単元未満株の手数料率はSBI証券と同じですが、最低手数料はマネックス証券のほうが安いため、主に単元未満株を取引する場合は検討しましょう。

株式投資でよくあるQ&A

Q.株式投資はいくらから始められますか?

A.100株単位の単元株なら数万円から始められますが、買いたい株をその金額で買えるとは限りません。投資したい株の株価が数千円や数万円といったケースもあるでしょう。1銘柄だけ買うなら高くても問題ないかもしれませんが、複数の株に投資する場合は多くの資金が必要になります。

その場合は、100株未満で買える単元未満株に投資しましょう。単元未満株は1株や10株など少ない株数で投資できるため、少額から投資を始めたい人に向いています。ただし、単元未満株の売買ができない証券会社もあるので気をつけましょう。

Q.株価チャートは確認すべきですか?

A.長期的視点で投資する場合、株価チャートはあまり気にする必要はありません。企業の価値はチャートで判断されるものではないため、業績や事業内容、財務状況を分析するほうが重要です。

しかし、チャートが売買の判断材料になることも少なくないため、チャートの基本は押さえておくことをおすすめします。

例えば一定期間の株価を平均化した「移動平均線」はその株のトレンドの確認などに使われ、日足チャートでは一般的に過去5日間、25日間、75日間の移動平均線が表示されます。期間が長くなるほど長期のトレンドを反映するため、中長期投資では25日や75日の移動平均線を分析するとよいでしょう。

日足チャートとは
株価の動きを1日単位で表したチャートのことです。日足チャートでは毎日の株価をもとにした移動平均線が表示されます。

Q.昼間に仕事があっても株の取引はできますか?

A.株の取引は、昼間仕事がある人でも可能です。

株を売買できる時間は9時から15時まで(11時30分から12時30分は休場)ですが、注文は24時間出せます。そのため夜に株価をチェックし、注文を出しておくことも可能です。

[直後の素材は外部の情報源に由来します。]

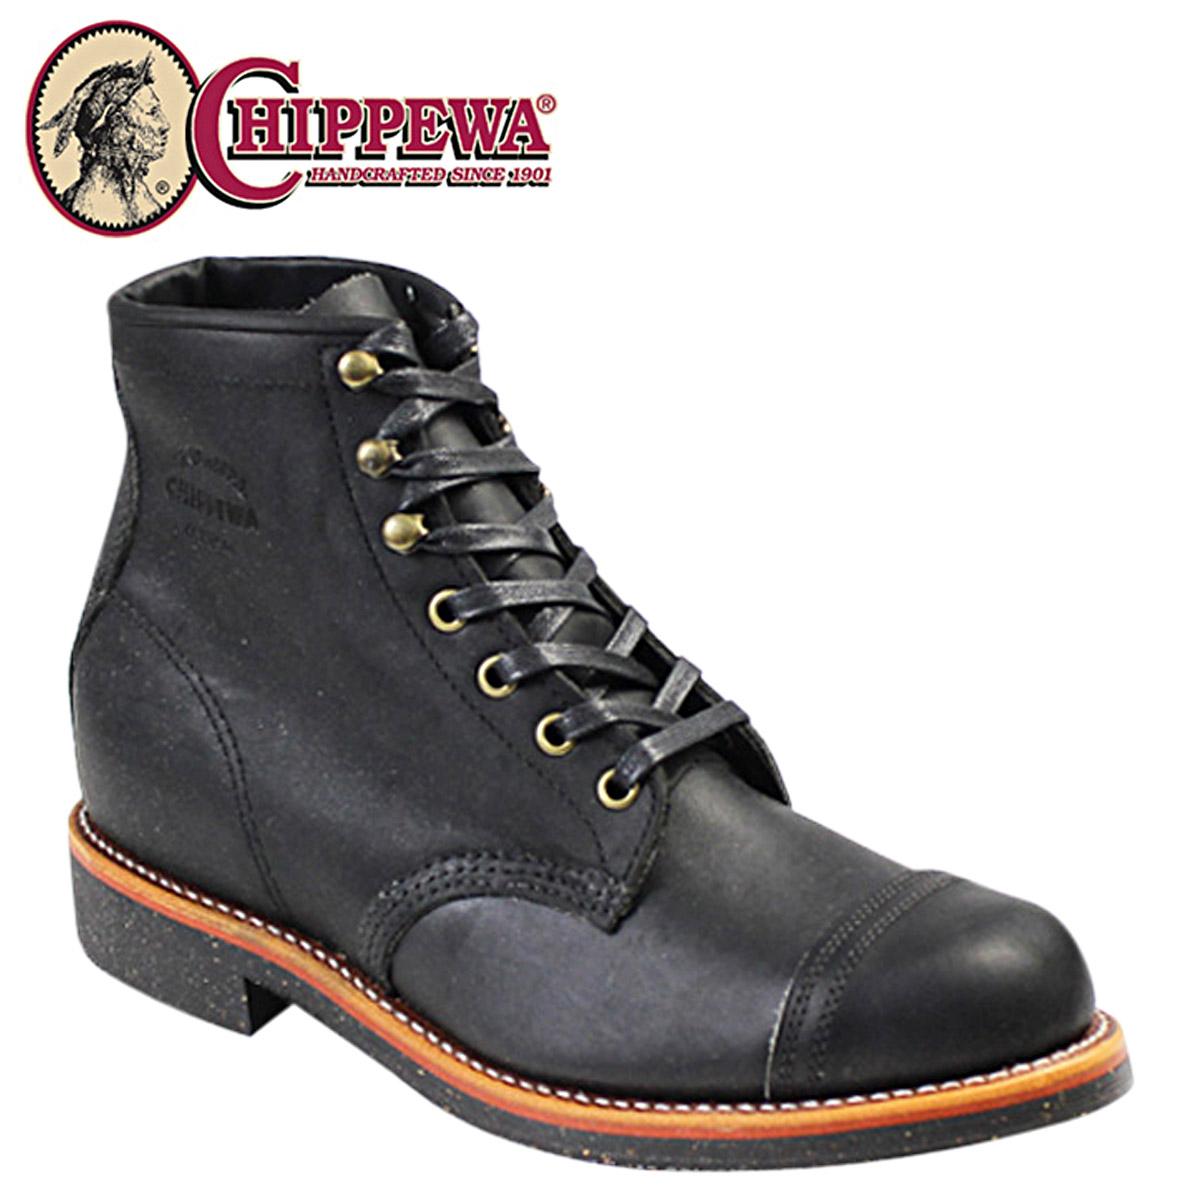 CHIPPEWA チペワ 6インチ ホームステッド ブーツ ブラック 1901M31 6INCH HOMESTEAD BOOT Dワイズ レザー メンズ

リアルタイムで売買したい場合は、PTSを利用すると夜間などに取引できます。

PTSとは
証券会社内で株を売買できるシステムです。証券取引所を通さずに売買が行われるため、「私設取引システム」と呼ばれます。

PTSは証券取引所が開いていない時間でも売買ができるため便利ですが、通常よりも取引量がかなり少ない点や売買できる株が限定される点に注意が必要です。

Q.株取引にはどのようなコストがかかりますか?

A.株の取引コストは、株を売買したときの約定代金に応じてかかります。株を買って売却すれば、買付と売却の約定代金それぞれに対して手数料が発生します。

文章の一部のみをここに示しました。